While the stars shine remaining in everlasting day, and while the seas swell, this our laurel shall be green; our famous name shall be echoed to the skies, and everywhere Skelton shall be remembered as another Adonis.
The lines are ostentatiously learned, with echoes of Virgil’s Aeneid III.86 (mansura sidera), Ovid’s Ex PontoI.xii.54 (aequora tument), and Horace’s Ode’s II.xvi.4 (sidera fulgent) (Brownlow 175). They are in keeping with the image of the author in his study on the recto of Garlande’s titlepage; yet the choice of Adonis as Skelton’s mythical counterpart points to a different aspect of the poet’s art. Loved by Venus for his beauty, the youth Adonis was fatally wounded by a wild boar and bled to death in Venus’s arms. As she mourned her lover, Venus caused anemones to grow wherever his blood fell and declared a festival on the anniversary of his death (Ovid X.716–39). Together, the Skelton Poeta woodcut and alter Adonis verse transform Skelton the university laureate and orator regius into Skelton Poeta the bearer of vitality. As Mary C. Erler explains,
Skelton here conflates the mythic Adonis, the French woodcut’s branch-bearing figure, and himself, the living poet. […] Despite Skelton’s monumental vanity, centrally displayed in Garlande of Laurell, it is Adonis as embodiment of vegetative renewal, rather than of seductive beauty, whom the poet intends when he speaks of himself as ‘alter adonis’. (Erler 21, 22)
We must judge for ourselves whether Skelton’s Garlande constitutes a display of ‘monumental vanity’. It is certainly a testament to the ingenuity and inventiveness of an underappreciated English poet – ironic, given the pronouncement of his Queen of Fame – and the eclecticism of early English print. From the seedbed of biography, humanist learning, and iconography, the Garlande yields a poet and an idea of English poetry at once transcendent and sui generis. Five hundred years later, the Garlande or Chapelet of Laurell remains a book which deserves ‘remebrauns’.
Works Cited
Bateson, Mary (ed.). Grace-Book B: Containing the Proctors’ Accounts and Other Records of the University of Cambridge for the Years 1488–1511. Cambridge: Cambridge University Press. 2 vols.
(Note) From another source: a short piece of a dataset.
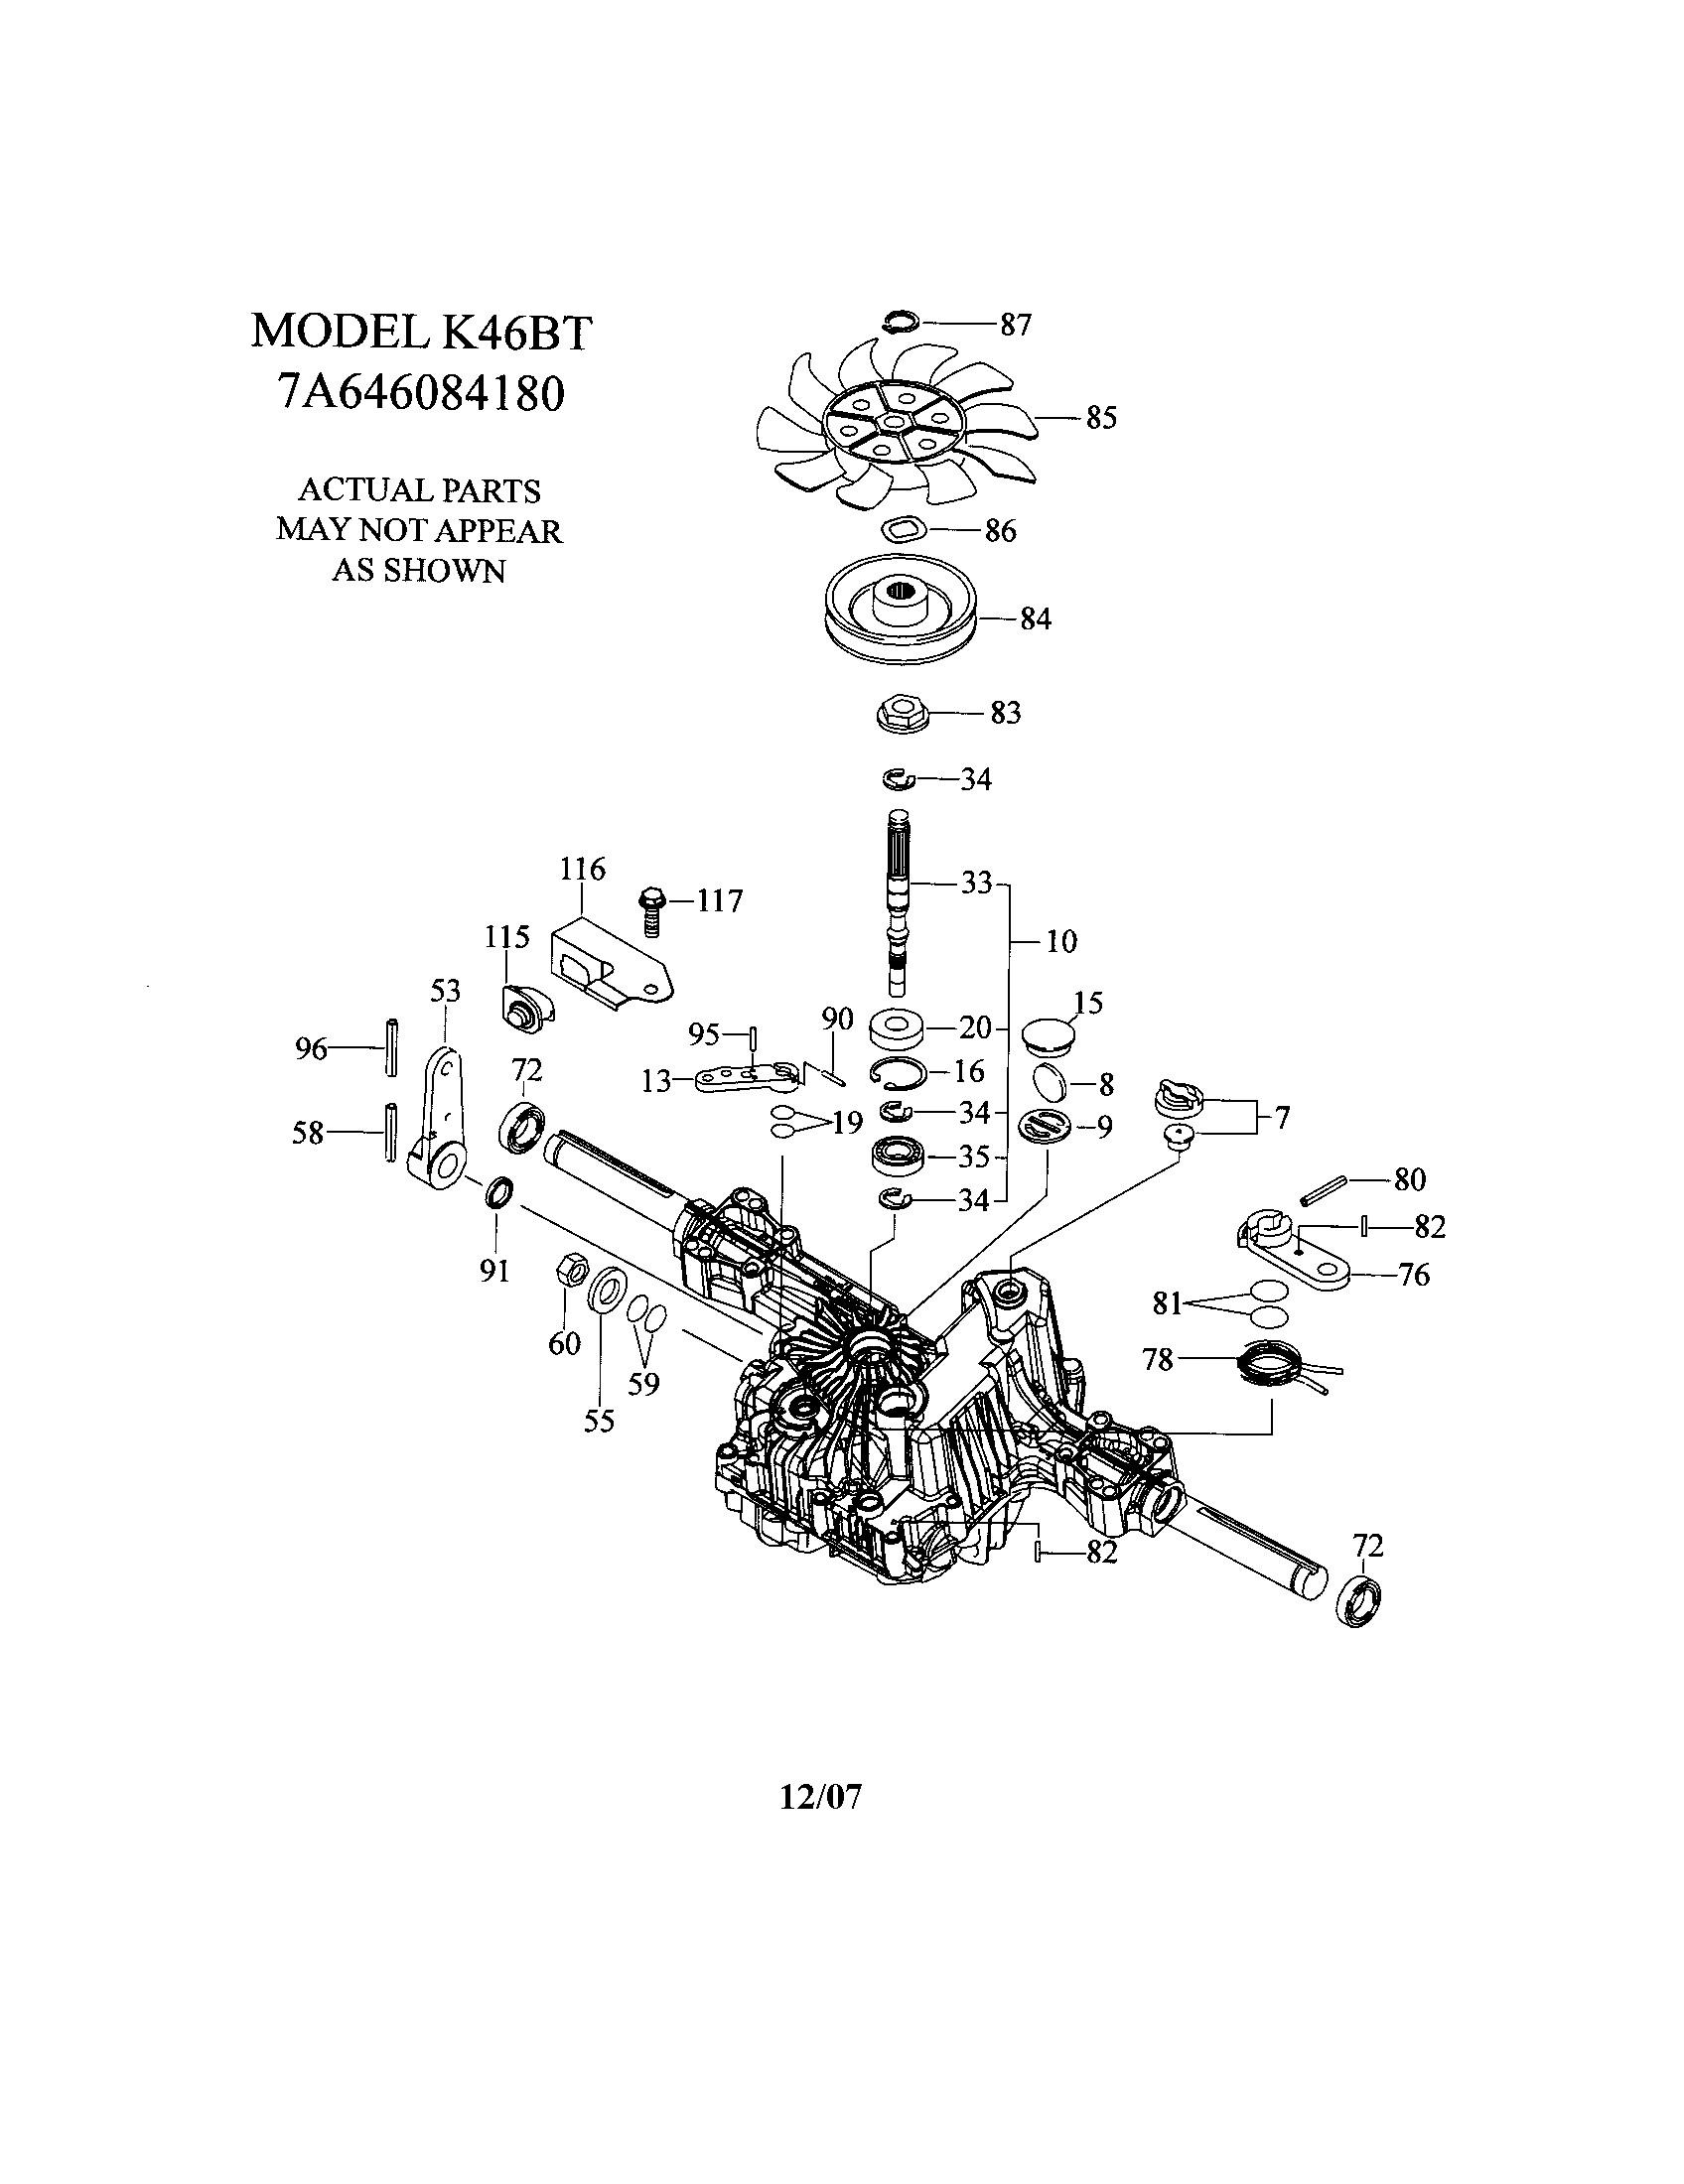 dixon lawn mower parts diagram 917 craftsman 26 hp 54 inch

Campbell, William, Materials for a History of the Reign of Henry VII: From Original Documents Preserved in the Public Record Office. London: Longman, 1873. 2 vols.
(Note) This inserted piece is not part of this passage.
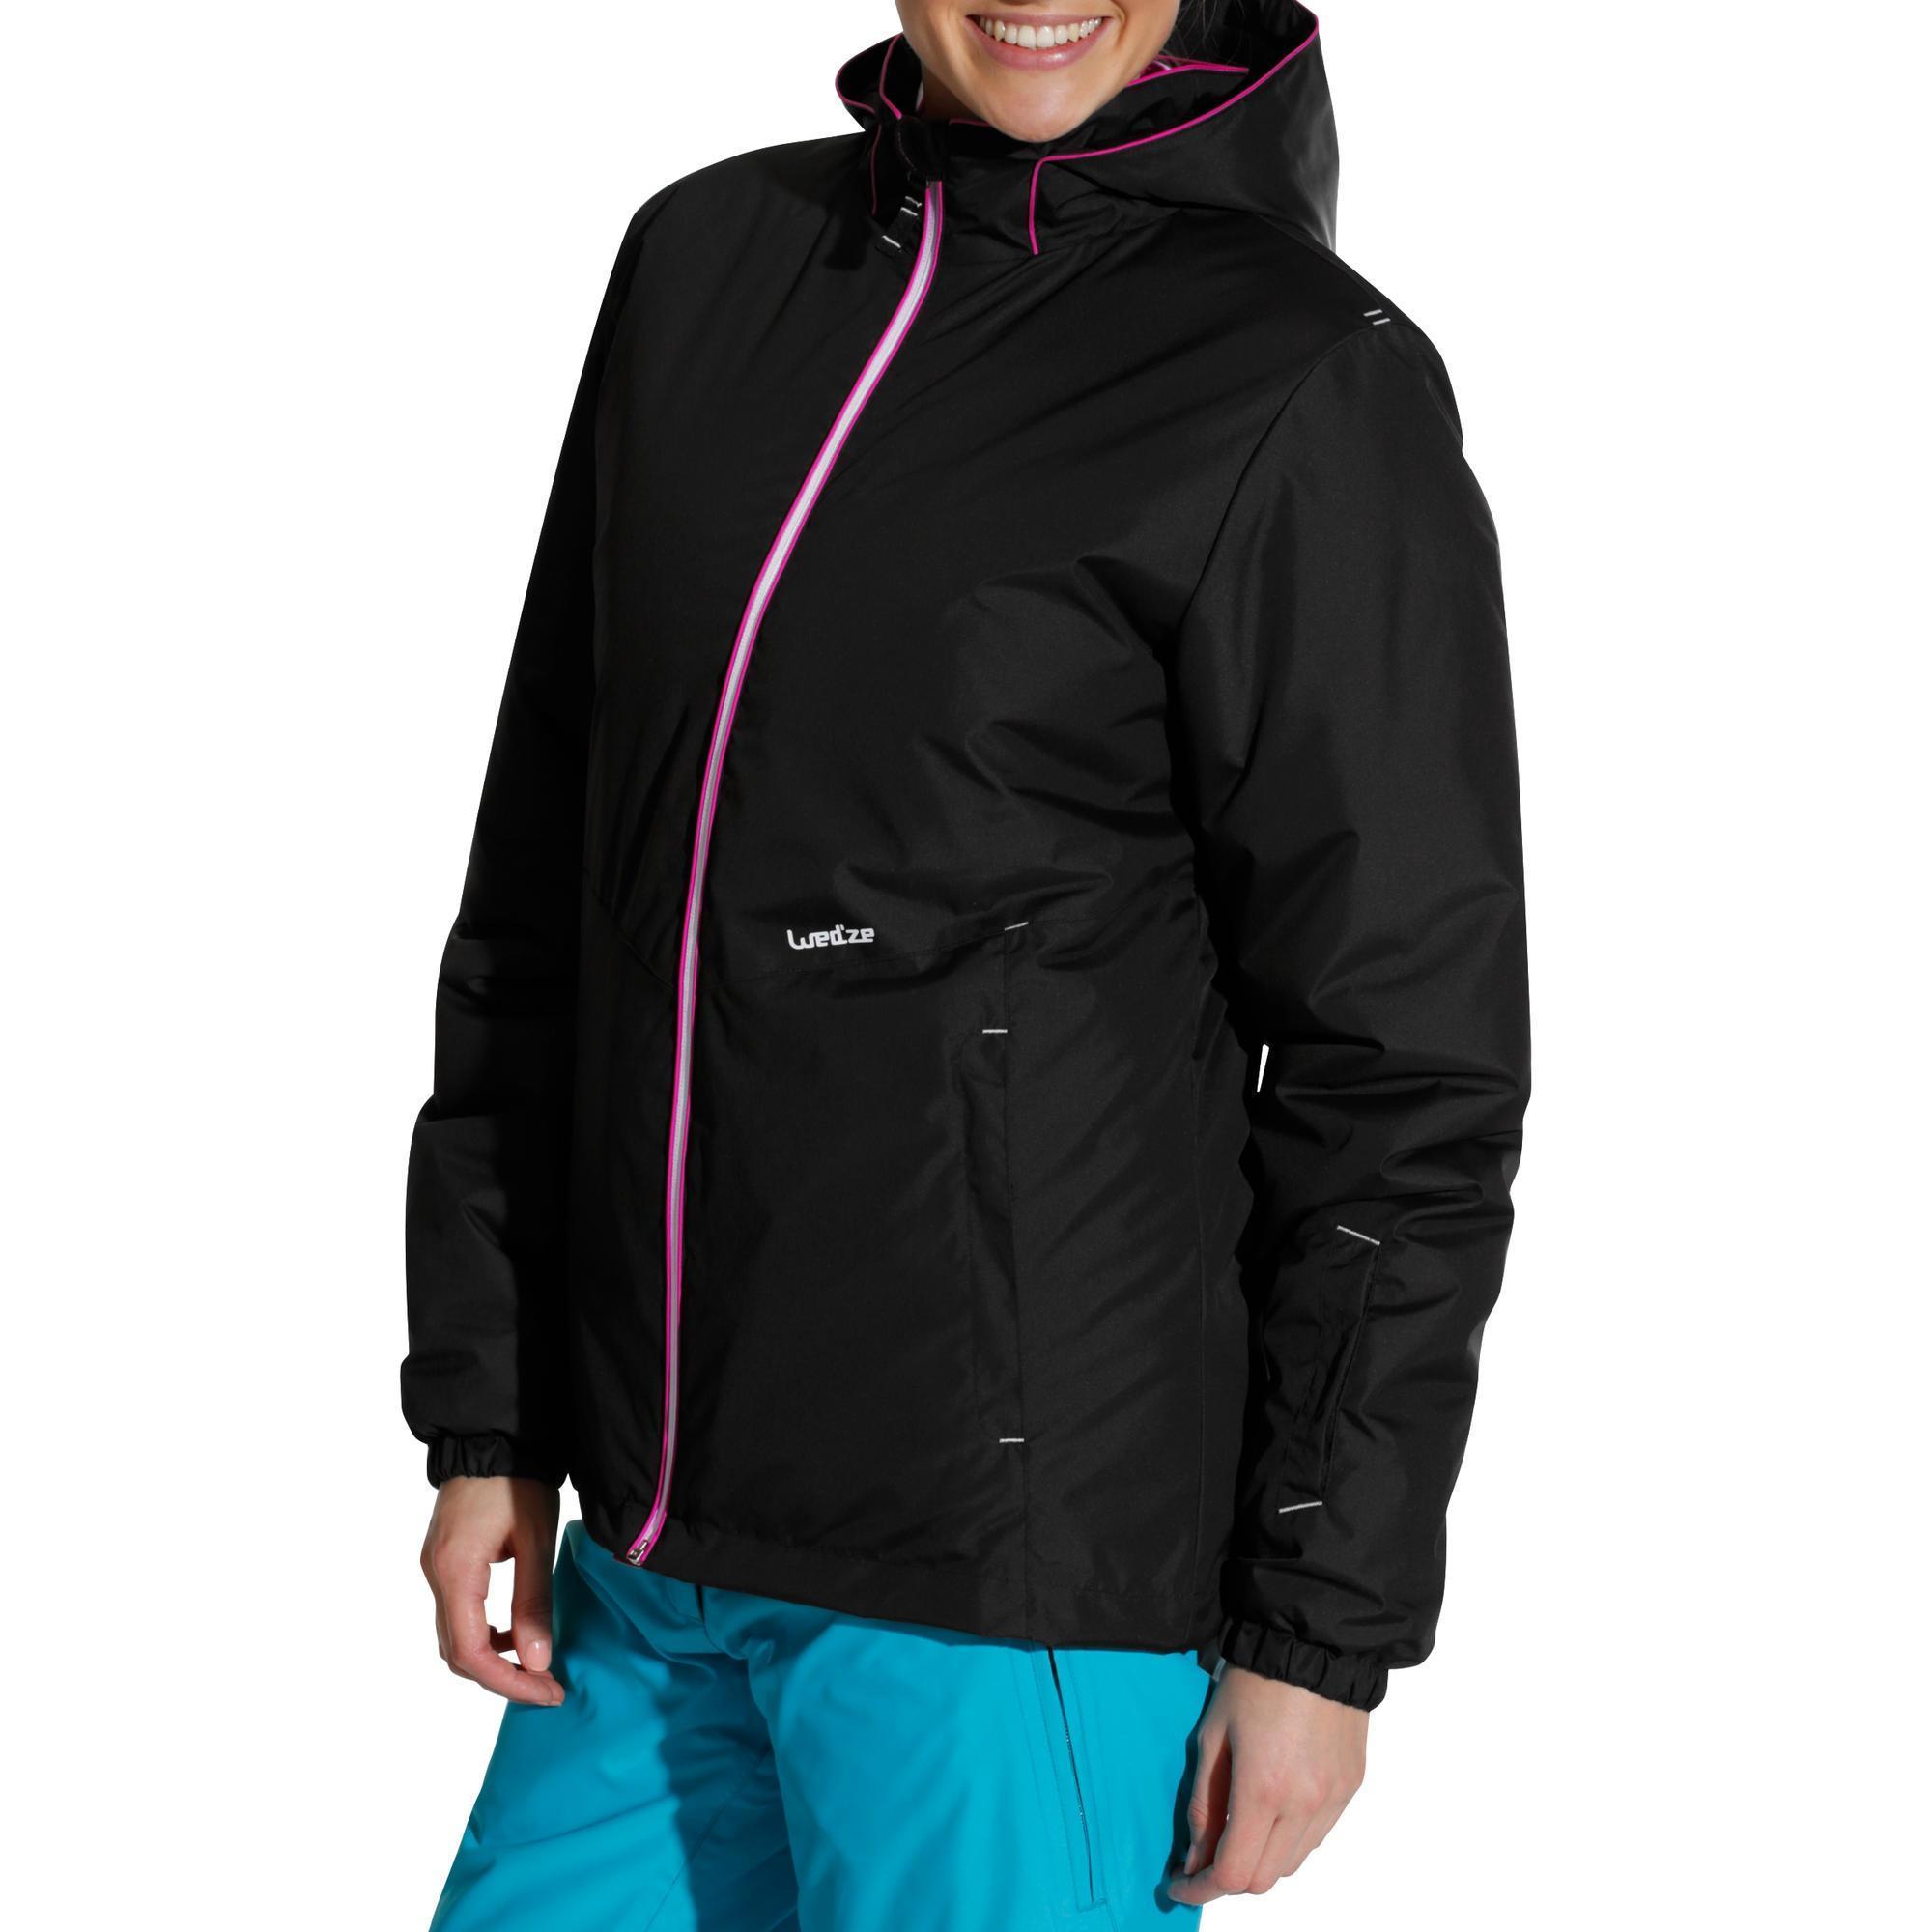 vívido y de gran estilo zapatos deportivos brillante n color ropa de esquí tienda de deportes moda online zapatos ...

Compost et kalendrier des bergères. Paris: G. Marchand, 1499.
Erler, Mary C. ‘Early Woodcuts of Skelton: The Uses of Convention’. Bulletin of Research in the Humanities, vol. 87, 1986–87, pp. 17–28.
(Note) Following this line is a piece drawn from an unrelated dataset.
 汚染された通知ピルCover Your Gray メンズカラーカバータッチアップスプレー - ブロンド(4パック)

Ovid. Metamorphoses, 3rd edn, translated by Frank Justus Miller, revised by G. P. Goold. Cambridge, MA: Harvard University Press, 1977–84. 2 vols.
Skelton, John. The Book of the Laurel, edited by F. W. Brownlow. Newark: University of Delaware Press, 1990.
Skelton, John. The Complete English Poems of John Skelton, rev. ed., edited by John Scattergood. Liverpool: Liverpool University Press, 2015. All quotations from Skelton and translations of his Latin verse are from this edition.
Skelton John. A ryght delectable treatyse upon a goodly garlande or chapelet of laurel…. London: Richard Faques, 1523.